This project shows a basic **Natural Language Processing (NLP)** pipeline using 5 sample messages from the **SMS Spam Collection dataset**. The pipeline includes **tokenization**, **stopword removal**, **lemmatization**, and **TF-IDF vectorization**. These steps clean and transform the text into numerical features suitable for further analysis or machine learning tasks like **spam detection**.

In [None]:
# Load 5 Sample Messagesfrom the SMSSpamCollection dataset
texts = [
    "Go until jurong point, crazy.. Available only in bugis n great world la e buffet...",
    "Ok lar... Joking wif u oni...",
    "Free entry in 2 a wkly comp to win FA Cup final tkts 21st May 2005. Text FA to 87121 to receive entry question(std txt rate)T&C's apply 08452810075over18's",
    "U dun say so early hor... U c already then say...",
    "WINNER!! As a valued network customer you have been selected to receivea £900 prize reward! To claim call 09061701461. Claim code KL341. Valid 12 hours only."
]

# Print the messages
for i, msg in enumerate(texts):
    print(f"Text {i+1}: {msg}")


Text 1: Go until jurong point, crazy.. Available only in bugis n great world la e buffet...
Text 2: Ok lar... Joking wif u oni...
Text 3: Free entry in 2 a wkly comp to win FA Cup final tkts 21st May 2005. Text FA to 87121 to receive entry question(std txt rate)T&C's apply 08452810075over18's
Text 4: U dun say so early hor... U c already then say...
Text 5: WINNER!! As a valued network customer you have been selected to receivea £900 prize reward! To claim call 09061701461. Claim code KL341. Valid 12 hours only.


Student number: 1113552

Student Name: Zithile

Job Breakdown: :Responsible for Tokenization

In [None]:
# Tokenize each message(Tokenization)
tokenized_texts = [text.split() for text in texts]

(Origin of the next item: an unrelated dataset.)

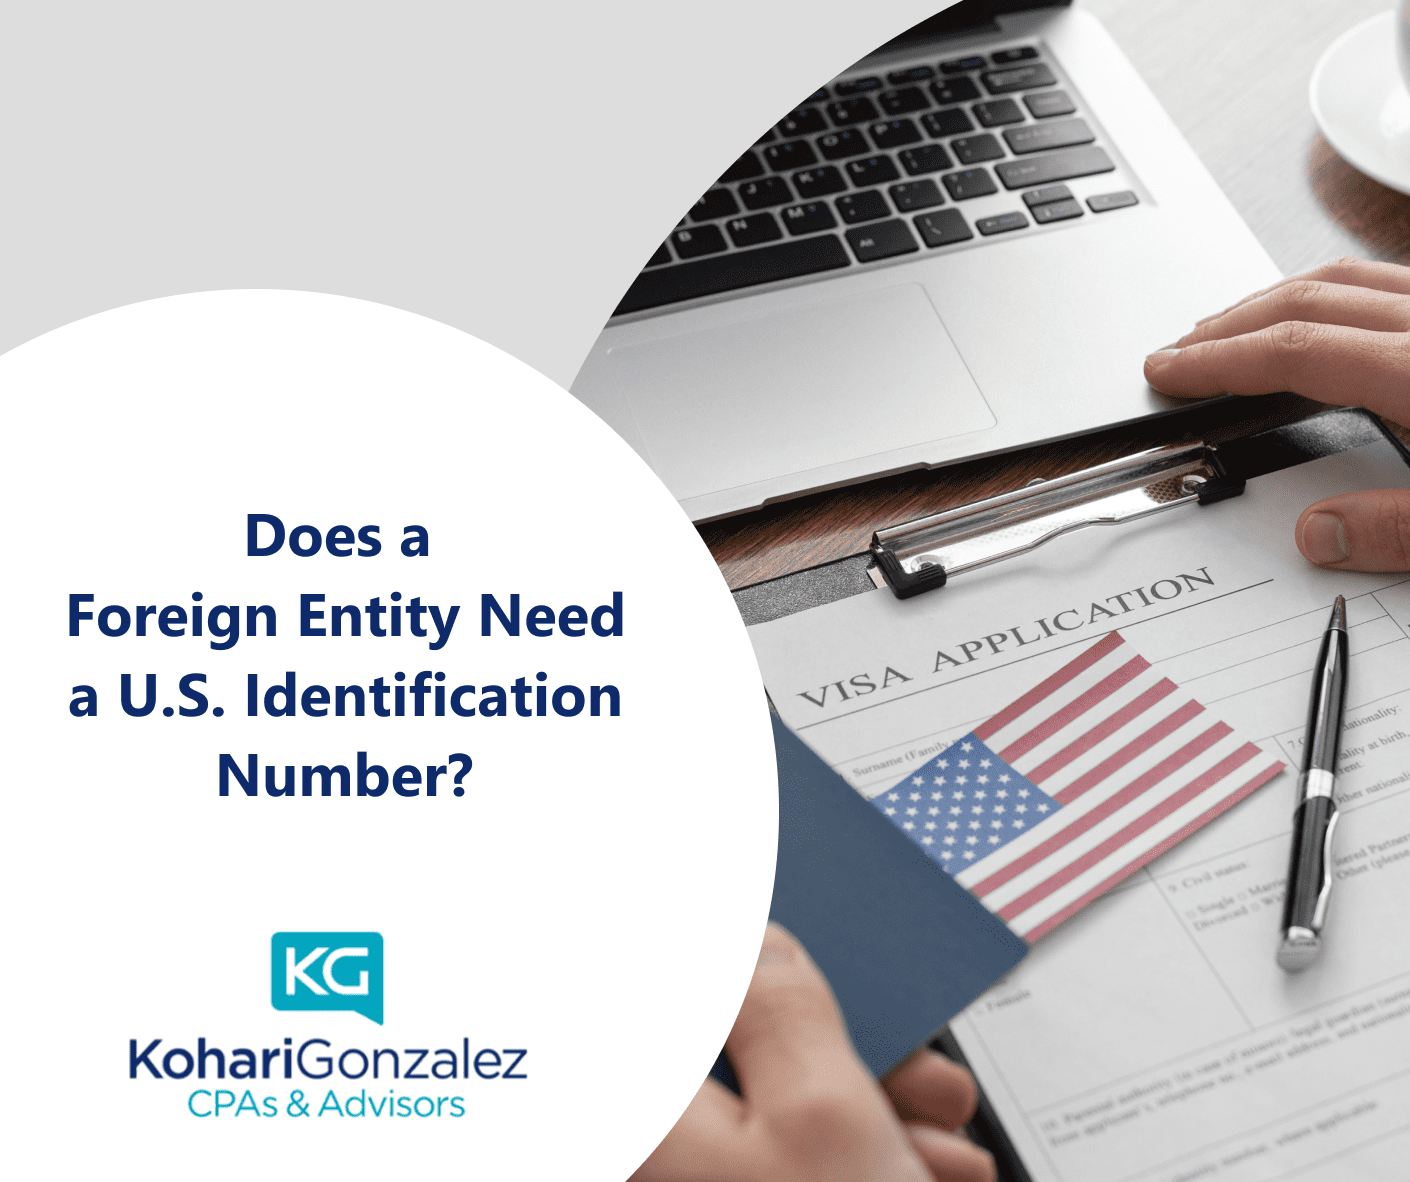 Does a Foreign Entity Need a U.S. Identification Number

# Display tokenized results
for i, tokens in enumerate(tokenized_texts):
    print(f"Tokens for Text {i+1}:")
    print(tokens)



Tokens for Text 1:
['Go', 'until', 'jurong', 'point,', 'crazy..', 'Available', 'only', 'in', 'bugis', 'n', 'great', 'world', 'la', 'e', 'buffet...']
Tokens for Text 2:
['Ok', 'lar...', 'Joking', 'wif', 'u', 'oni...']
Tokens for Text 3:
['Free', 'entry', 'in', '2', 'a', 'wkly', 'comp', 'to', 'win', 'FA', 'Cup', 'final', 'tkts', '21st', 'May', '2005.', 'Text', 'FA', 'to', '87121', 'to', 'receive', 'entry', 'question(std', 'txt', "rate)T&C's", 'apply', "08452810075over18's"]
Tokens for Text 4:
['U', 'dun', 'say', 'so', 'early', 'hor...', 'U', 'c', 'already', 'then', 'say...']
Tokens for Text 5:
['WINNER!!', 'As', 'a', 'valued', 'network', 'customer', 'you', 'have', 'been', 'selected', 'to', 'receivea', '£900', 'prize', 'reward!', 'To', 'claim', 'call', '09061701461.', 'Claim', 'code', 'KL341.', 'Valid', '12', 'hours', 'only.']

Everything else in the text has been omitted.